* [MATERIAL PROVIDED]
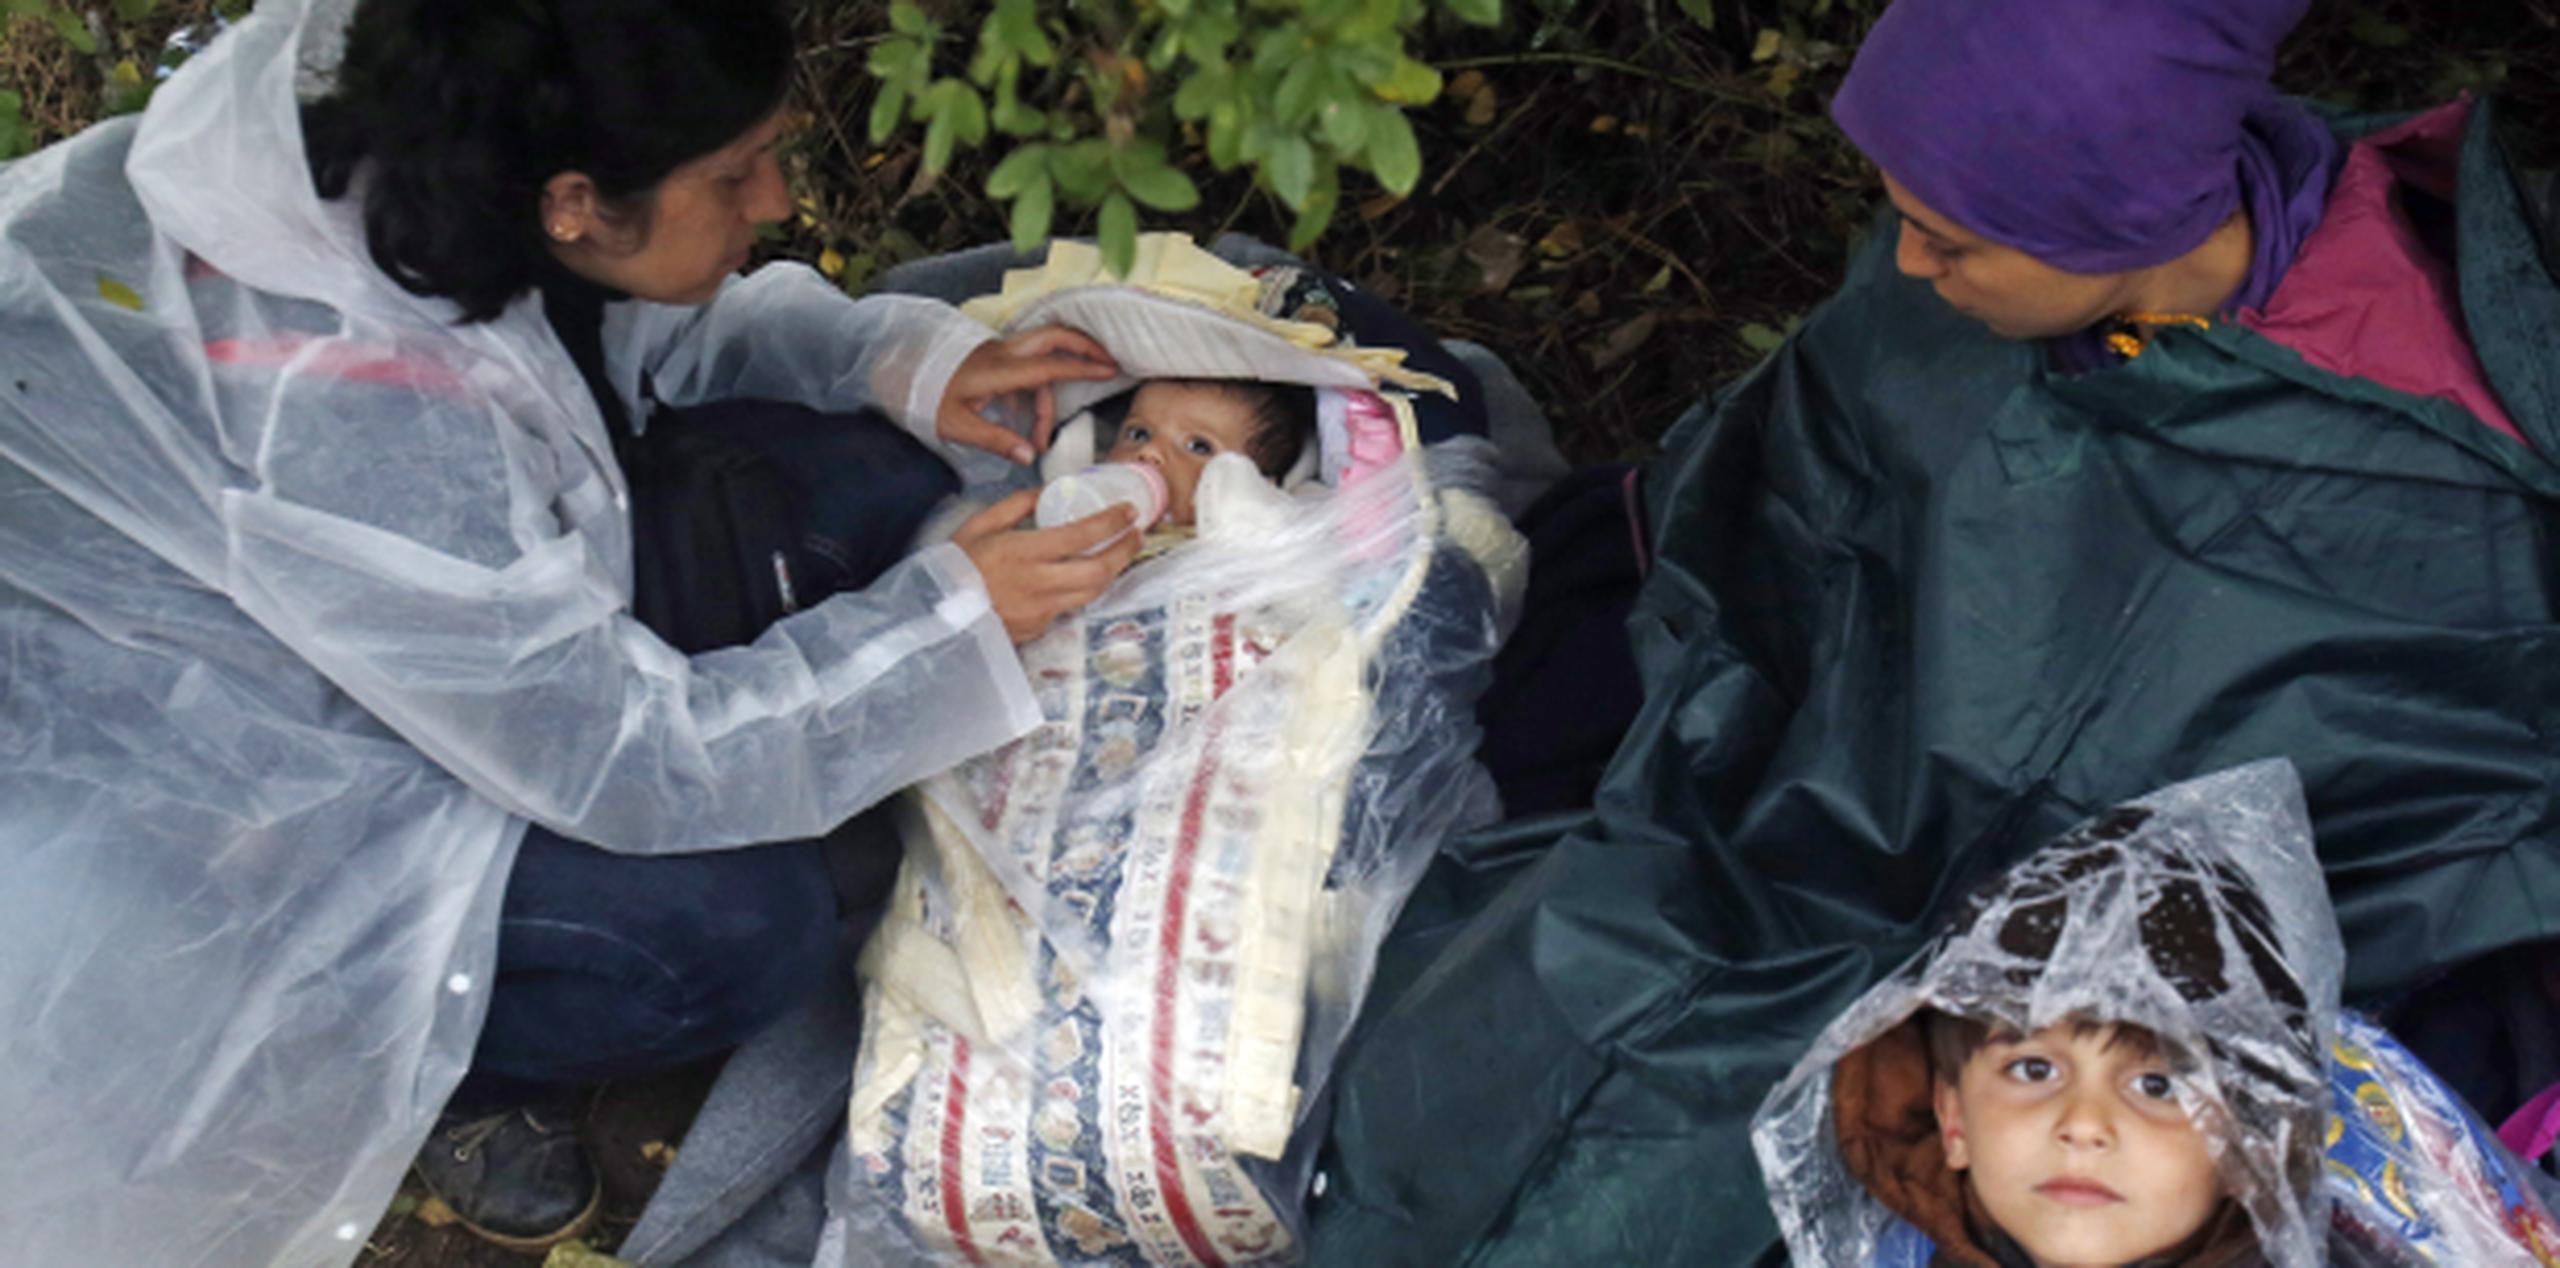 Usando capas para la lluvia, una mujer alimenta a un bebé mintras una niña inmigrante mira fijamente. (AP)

---

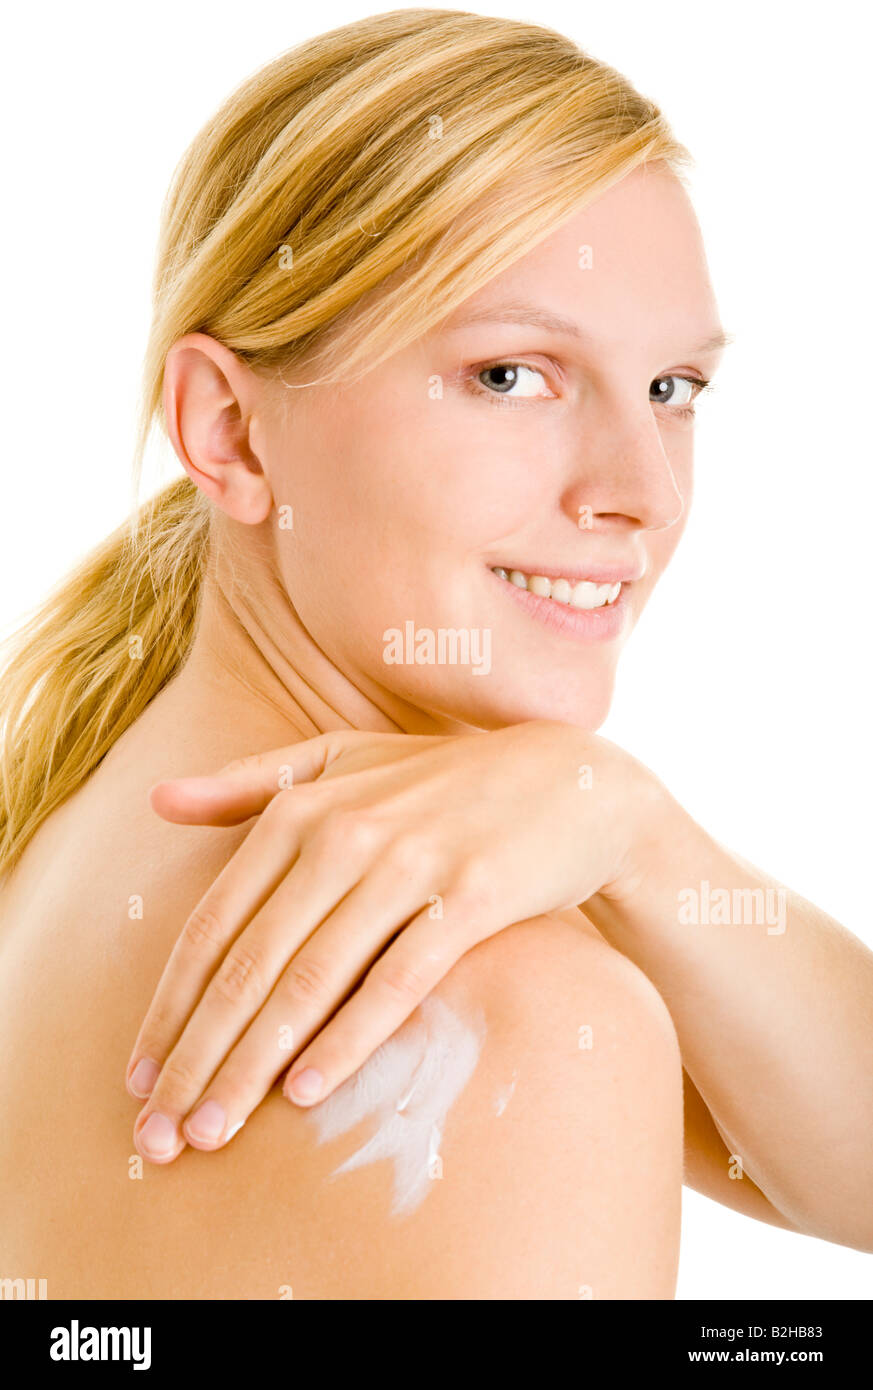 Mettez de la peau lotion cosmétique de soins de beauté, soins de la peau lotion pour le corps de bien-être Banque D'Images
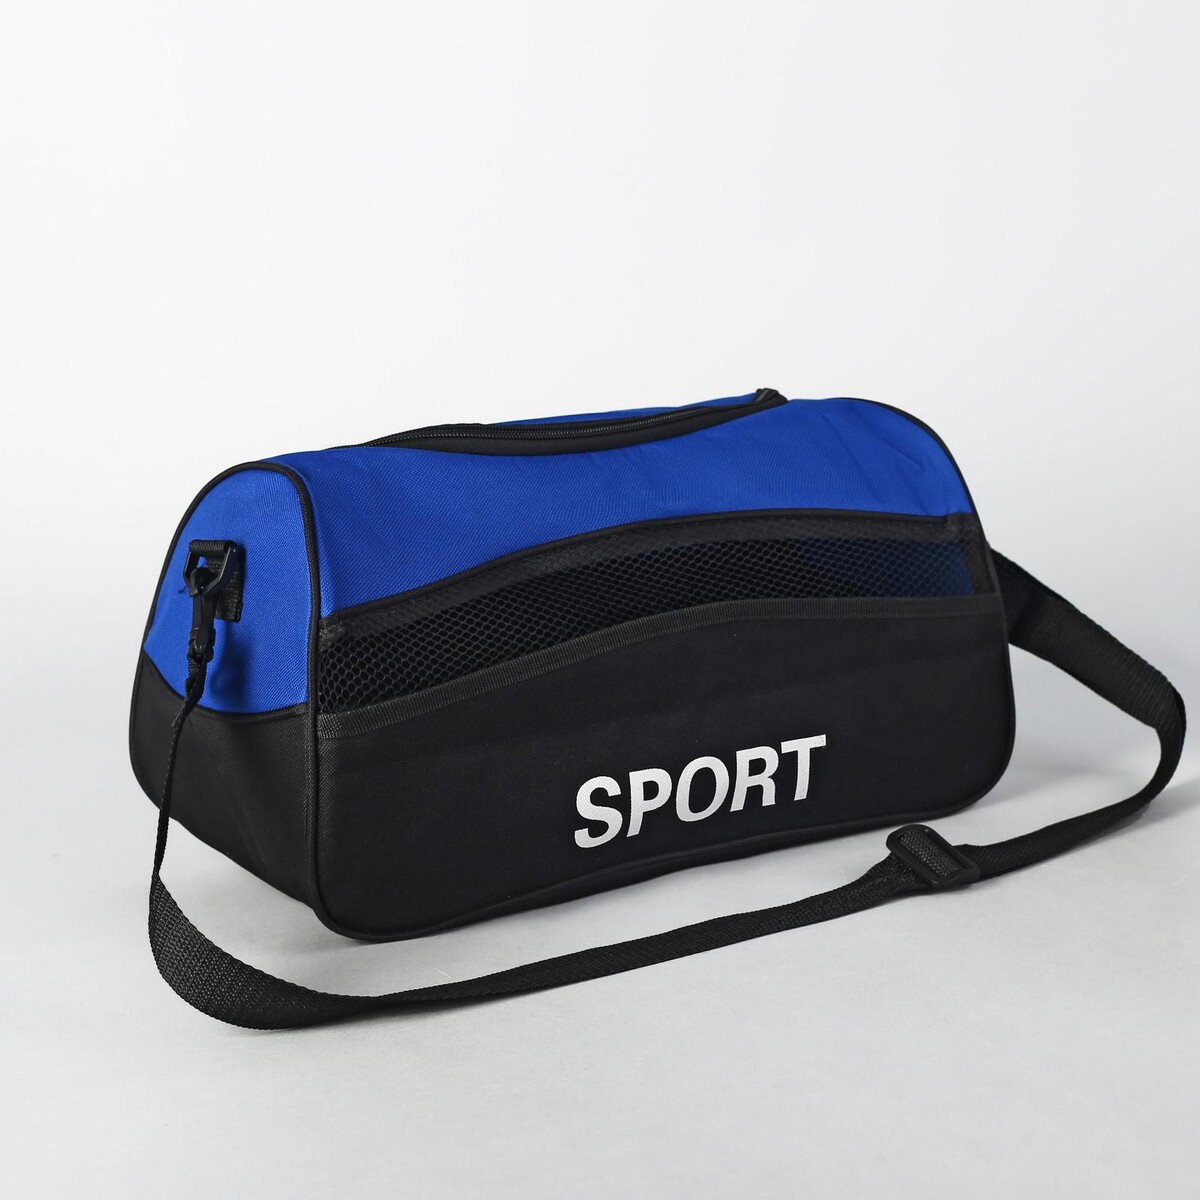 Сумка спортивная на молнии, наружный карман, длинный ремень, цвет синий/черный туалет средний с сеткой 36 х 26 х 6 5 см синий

* [INSTRUCTIONS FOR THE TASK]
In the entries above, which lines run from the one with "Mettez de la" up to and including the one with "Сумка спортивная на"? Write them out exactly, without the pictures.

* [WRITTEN ANSWER]
 Mettez de la peau lotion cosmétique de soins de beauté, soins de la peau lotion pour le corps de bien-être Banque D'Images
 Сумка спортивная на молнии, наружный карман, длинный ремень, цвет синий/черный туалет средний с сеткой 36 х 26 х 6 5 см синий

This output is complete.